● **DATASET SECTION**:
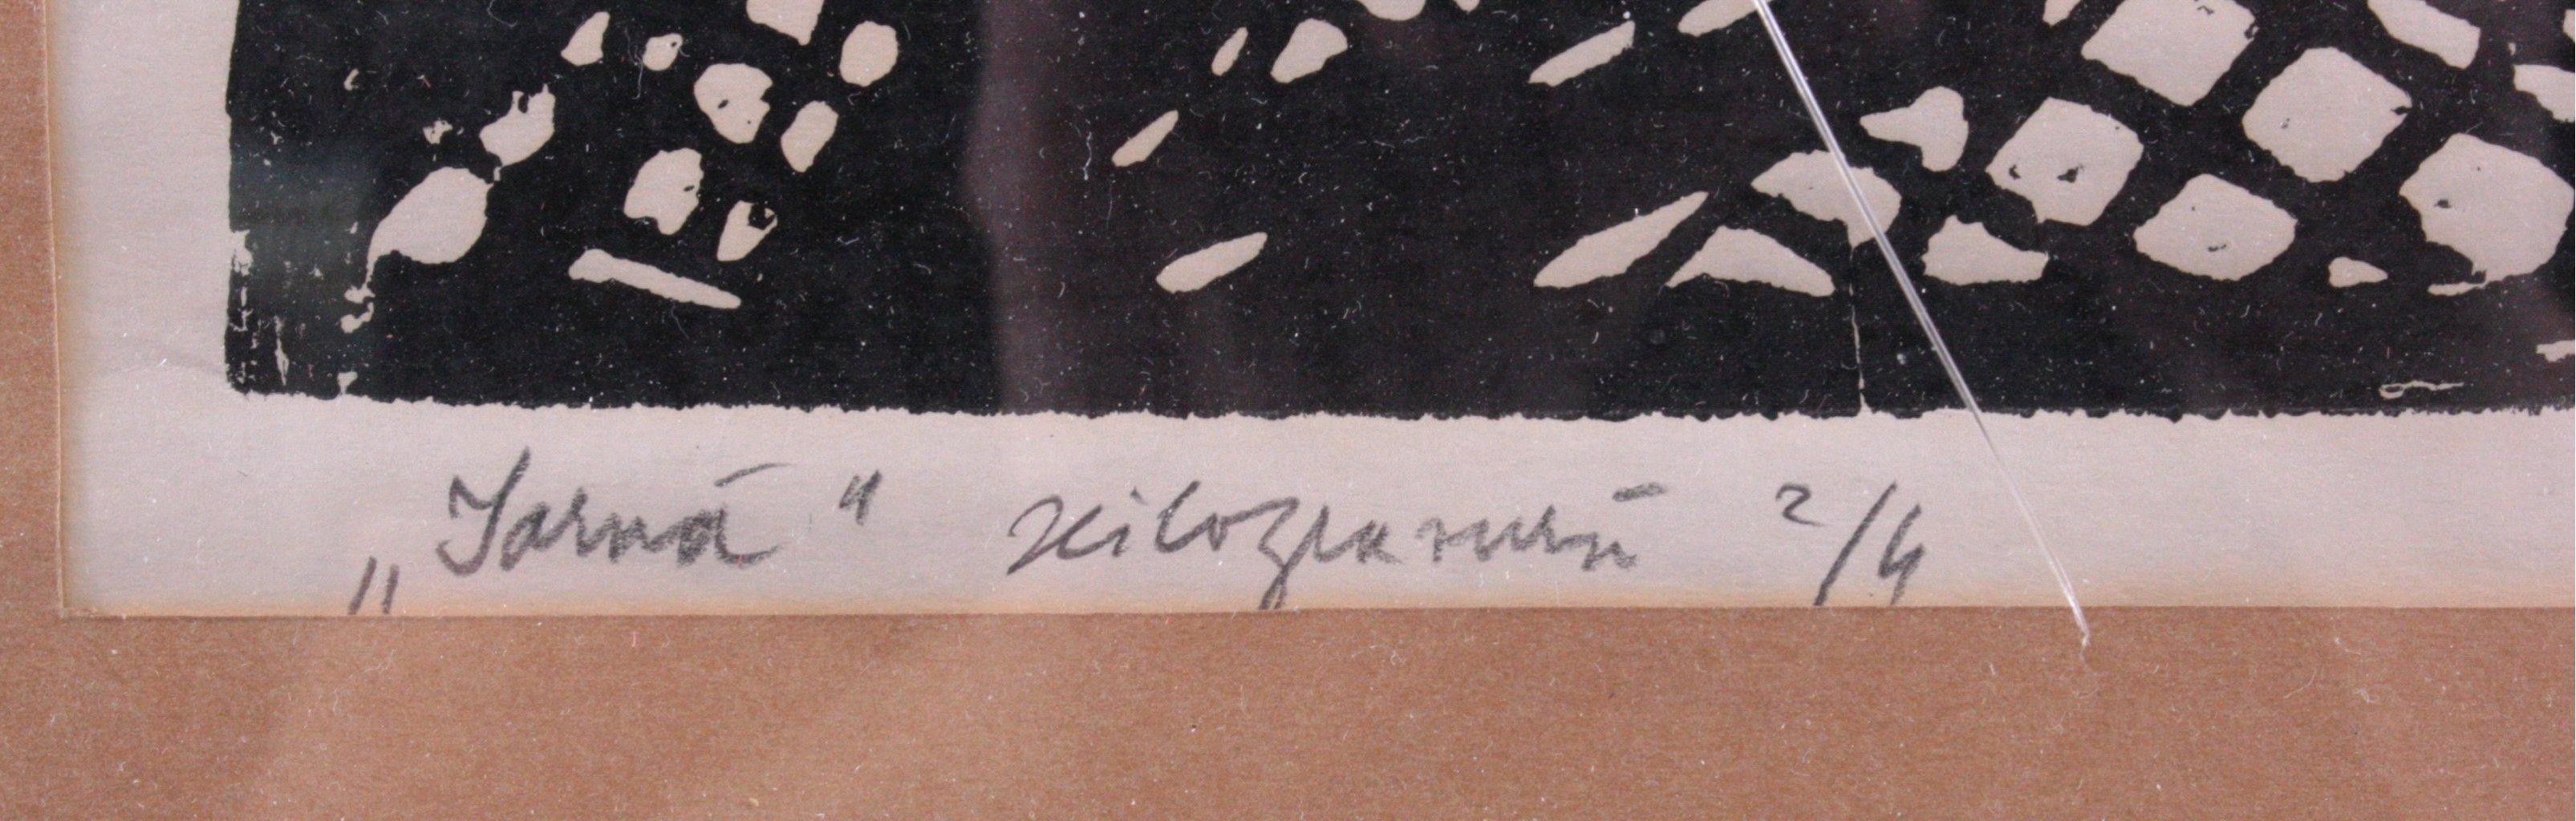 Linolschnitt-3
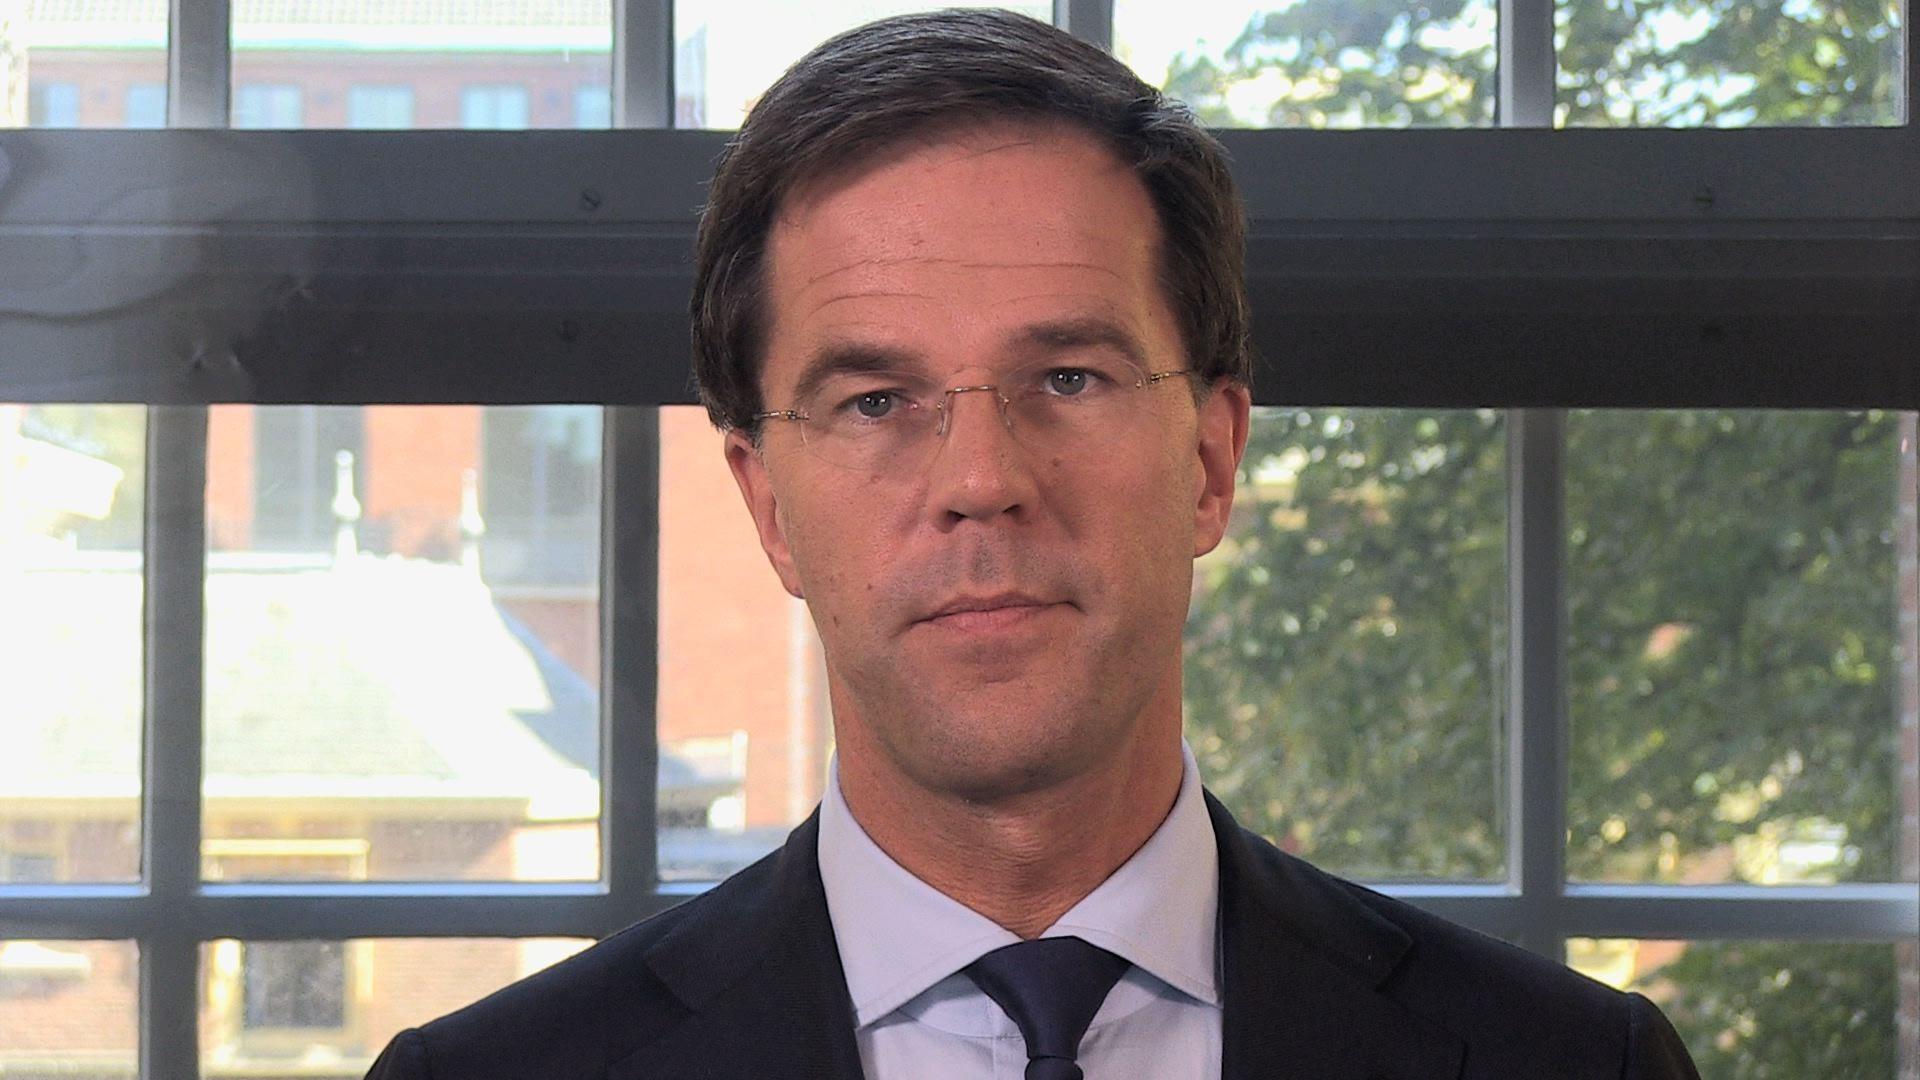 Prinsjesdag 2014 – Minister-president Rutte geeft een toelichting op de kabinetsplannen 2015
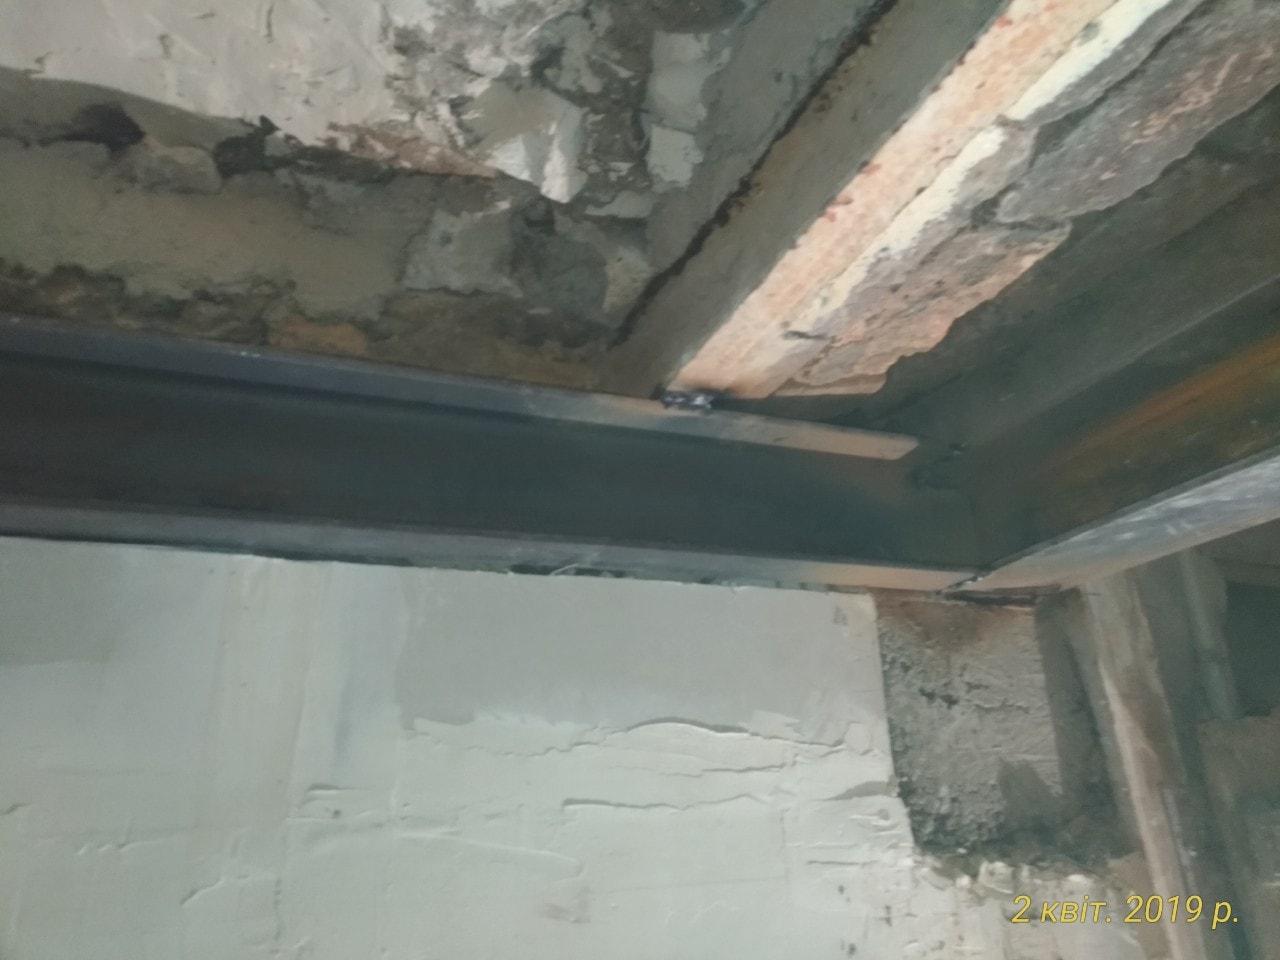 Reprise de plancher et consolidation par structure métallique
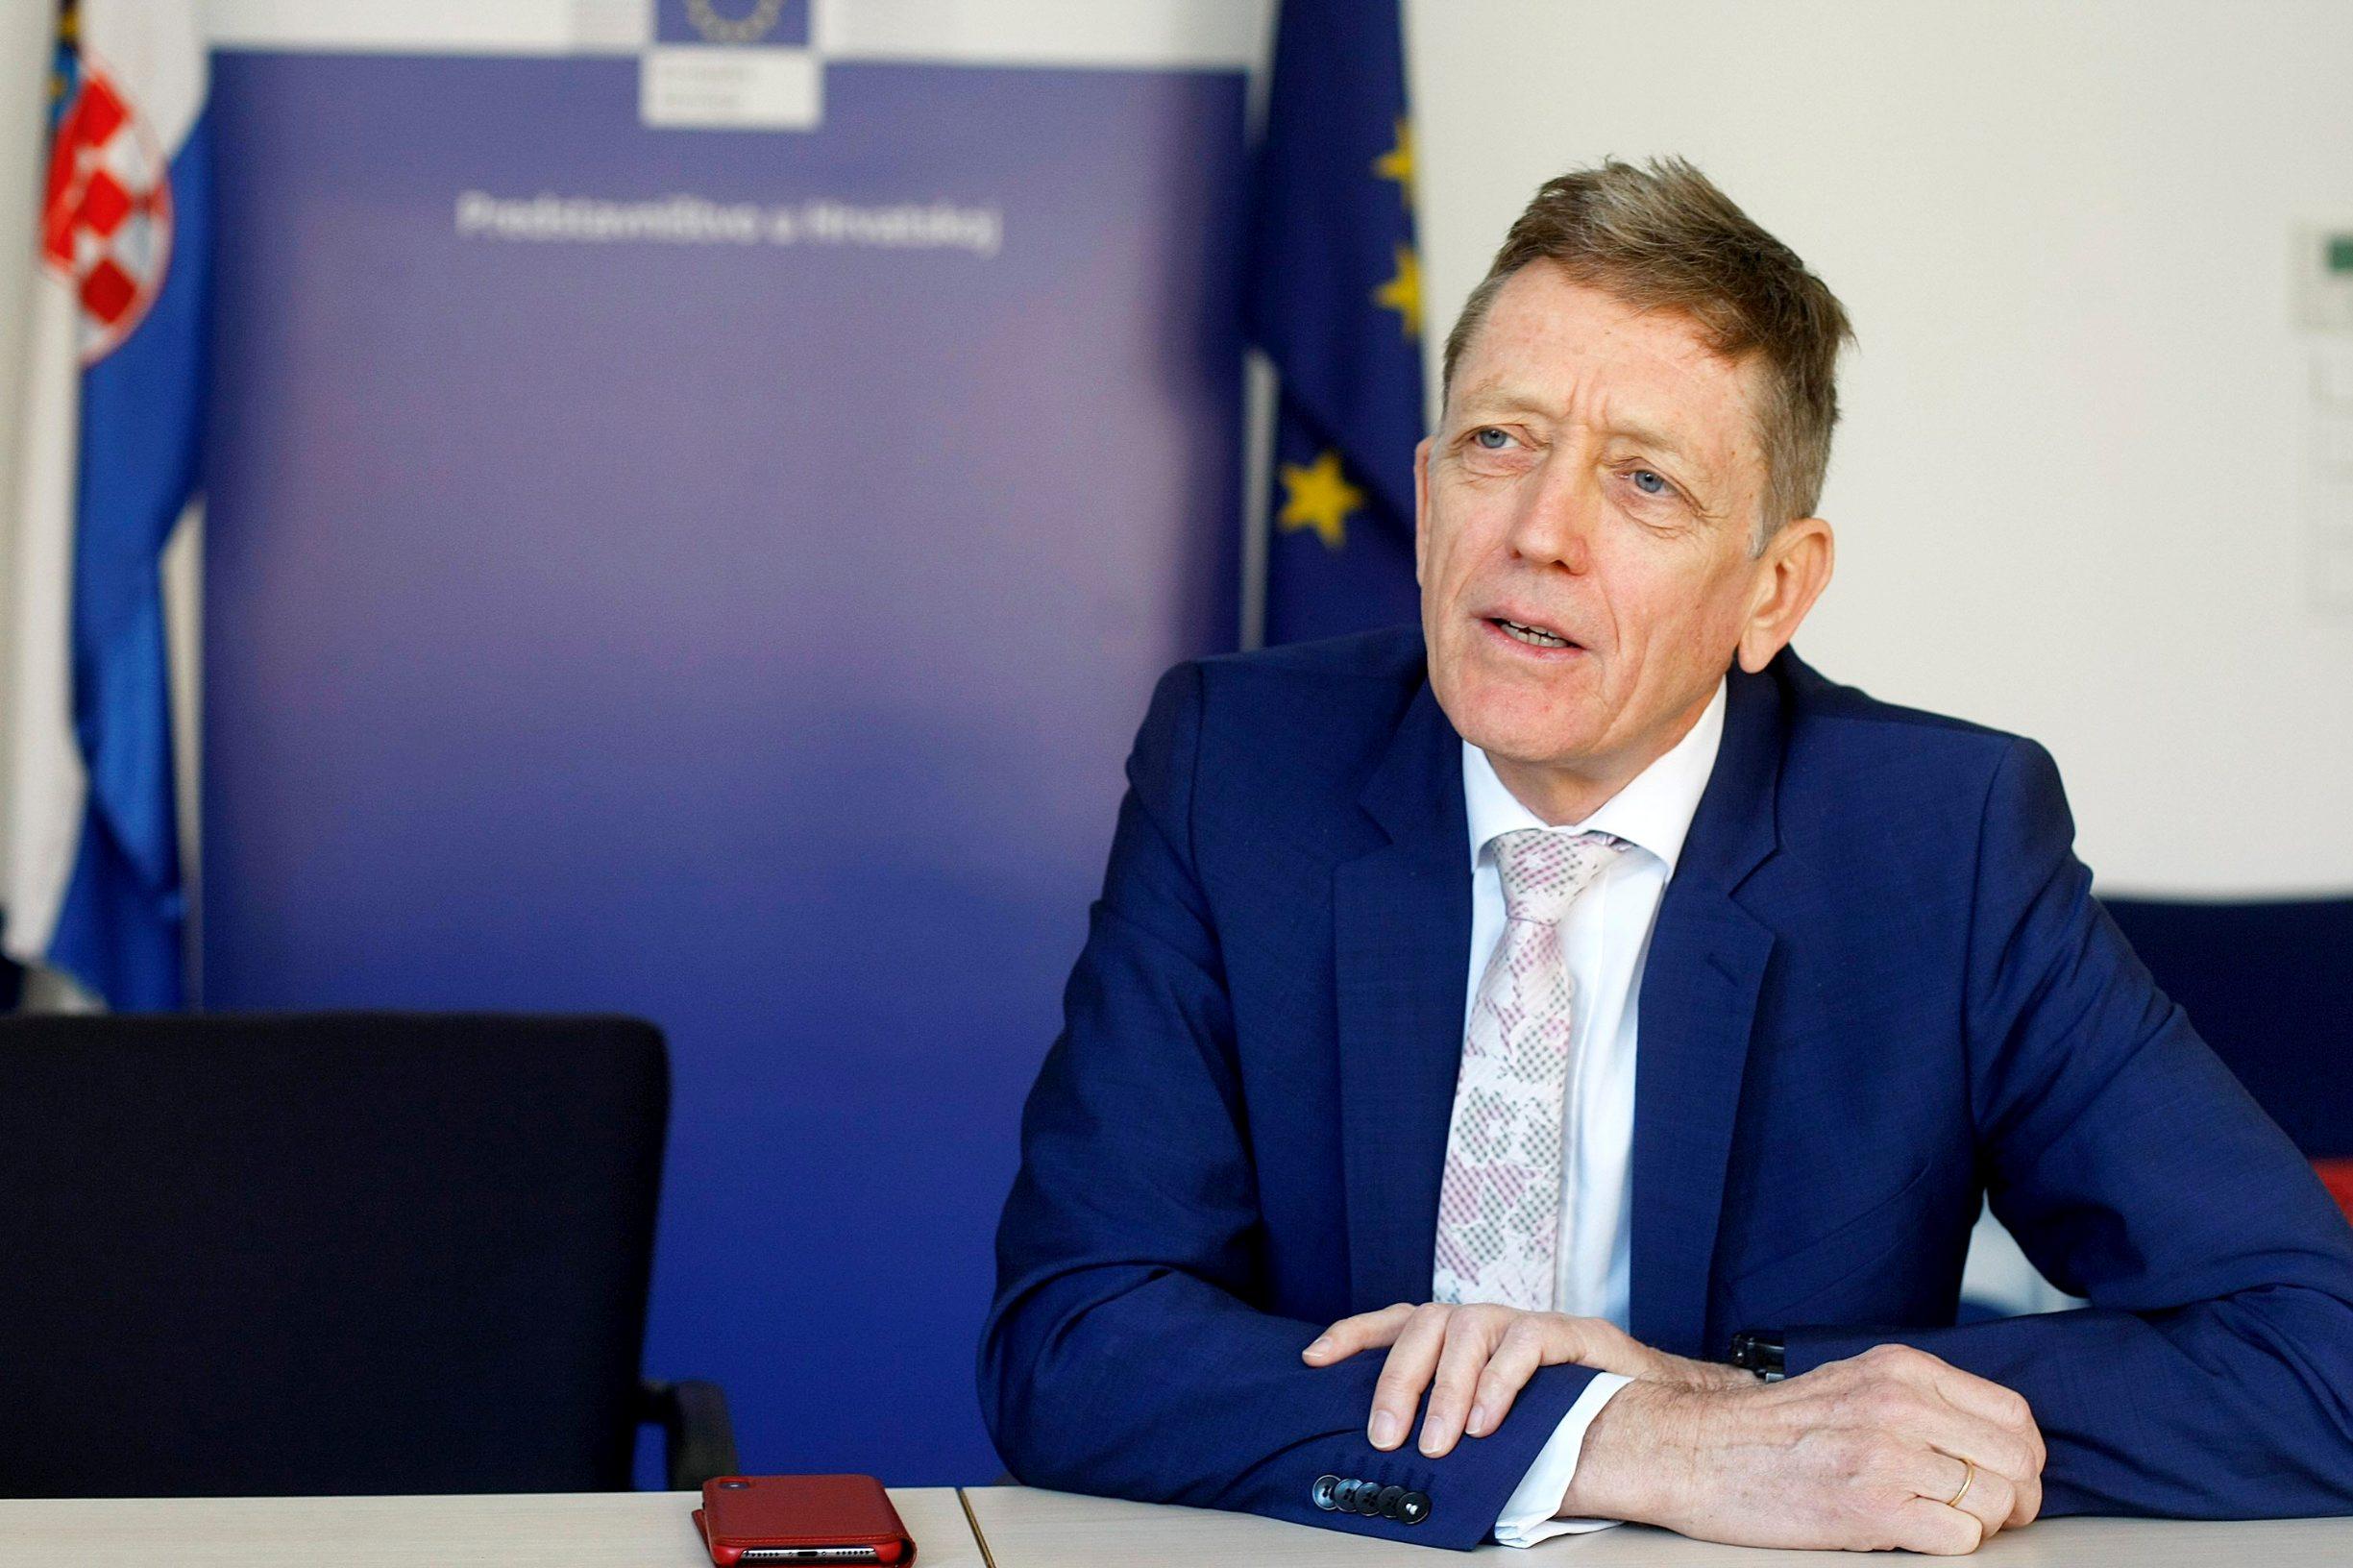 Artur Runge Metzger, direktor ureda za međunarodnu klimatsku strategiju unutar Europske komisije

● **ACTIVITY**:
Word-for-word output of the material above is needed, with the pictures left out.

● **EXERCISE OUTPUT**:
 Linolschnitt-3
 Prinsjesdag 2014 – Minister-president Rutte geeft een toelichting op de kabinetsplannen 2015
 Reprise de plancher et consolidation par structure métallique
 Artur Runge Metzger, direktor ureda za međunarodnu klimatsku strategiju unutar Europske komisije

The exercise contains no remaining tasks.